On le savait grand lecteur, mais pas aussi gourmand. Non sans autodérision, le cinéaste Denys Arcand a souligné hier à la Grande Bibliothèque, dans son entretien avec Guy Berthiaume, qu'il était bien malgré lui un adepte du «slow reading» et qu'il ne proposait rien en bas de 2500 pages! Vrai qu'on trouvait de grosses pointures dans ses suggestions: Proust, Pepys, Soljenitsyne, Littell... «Mon rêve serait de ne plus avoir rien à faire dans la vie et de lire»: c'est une confidence qui dit tout.

Entretien passionnant, car Denys Arcand sait très bien parler de littérature. C'est avec précision et simplicité qu'il a expliqué sa liste, dans laquelle Proust et Soljenitsyne sont des «bibles». Proust parce que, selon lui, À la recherche du temps perdu est «la plus grande oeuvre littéraire de tous les temps». «Rien ne se compare à ça. Dans l'ambition et le portrait complet d'une société à un moment où la civilisation occidentale s'écroule.» L'archipel du goulag de Soljenitsyne? «C'est le livre qui a mis fin au marxisme. Quand j'étais jeune, le tiers de l'humanité vivait sous le marxisme.» Enfin, le volumineux journal personnel de Samuel Pepys est cher à son coeur. «C'est un document unique dans l'histoire du monde, une plongée dans la vie quotidienne du XVIIe siècle.»

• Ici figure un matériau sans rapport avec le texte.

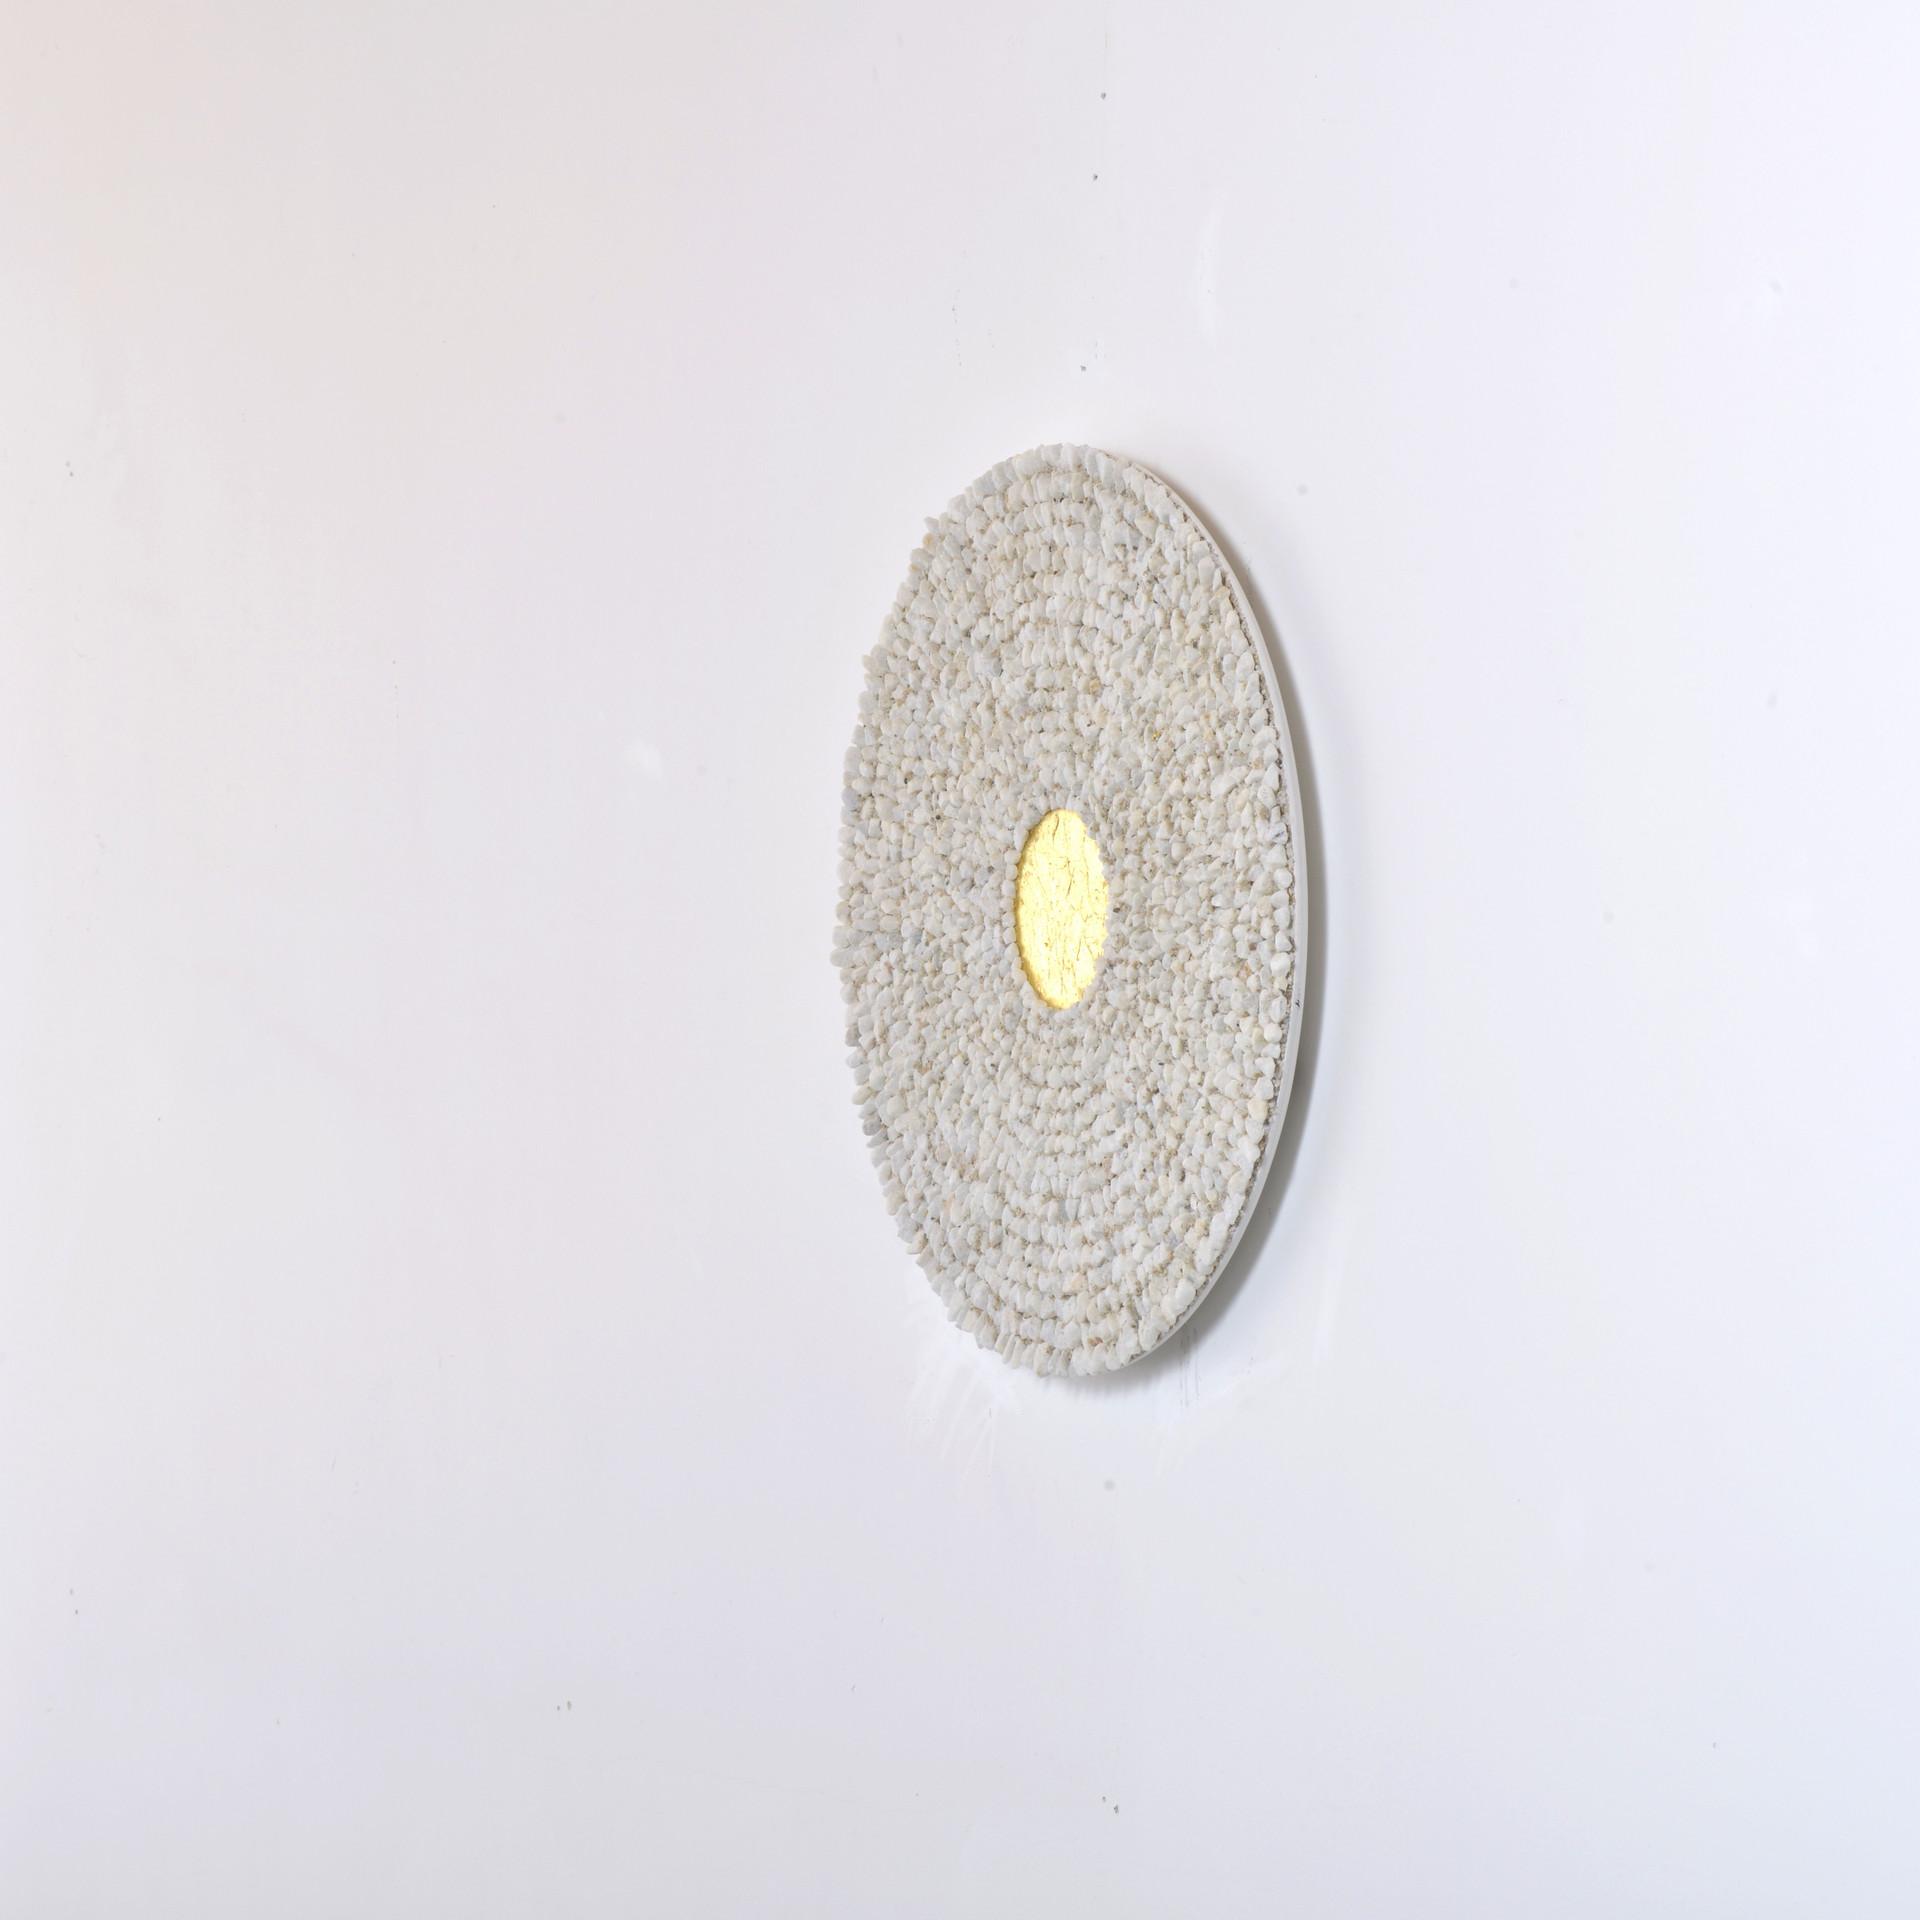 Mandala, carrara marble and gold leaf on wood panel, 50 cm, 2019. © photo Serge Verheylewegen

Nous avons aussi appris, lors de cette conversation, que le cinéaste aime beaucoup parler avec un autre grand lecteur, le comédien Michel Forget, qui lui a fait découvrir récemment ce classique de la littérature québécoise, Trente Arpents de Ringuet. Pourquoi avoir choisi celui-là plus qu'un autre?

«Parce que c'est celui qu'on ne lit pas dans les classiques québécois. La littérature québécoise est une littérature extrêmement lourde, pleine de tristesse et de désespoir, et ce roman-là est le pire de tous. Absolument terrifiant.» Denys Arcand a d'ailleurs révélé qu'il l'avait transformé en monologue pour le théâtre, un travail qui sera publié cet automne.

S'il considère que Les Bienveillantes de Jonathan Littell n'est pas un roman parfait, il a apprécié ce nouveau regard sur la Deuxième Guerre mondiale du point de vue du bourreau nazi. «C'était des monstres jetés sur l'Europe, qui ont détruit toutes les bases morales de la culture européenne. Nous partons tous de cette destruction.»

Les autres livres importants de la bibliothèque d'Arcand: Austerlitz de Sebald, les nouvelles de Tolstoï, Sur la photographie et La maladie comme métaphore de Susan Sontag... Pour l'anecdote, nous avons appris que la dame a été «déstabilisée» par les fantasmes de Rémi à son sujet dans le film Le déclin de l'empire américain. «Quand j'ai écrit ça, je ne savais pas qu'elle était lesbienne», a avoué le cinéaste en riant.

Enfin, la trilogie autobiographique de Michel Tremblay - le «chouchou» des invités de Guy Berthiaume - que sont Douze coups de théâtre, Un ange cornu avec des ailes de tôle et Les vues animées, tout simplement parce que Tremblay et Arcand sont des contemporains, nés le même jour, à un an d'intervalle, et qu'ils ont habité les mêmes rues. «C'est comme l'histoire de ma vie racontée par quelqu'un d'autre!»

Une heure n'aura pas été suffisante pour détailler toute la liste de Denys Arcand, un ogre lecteur.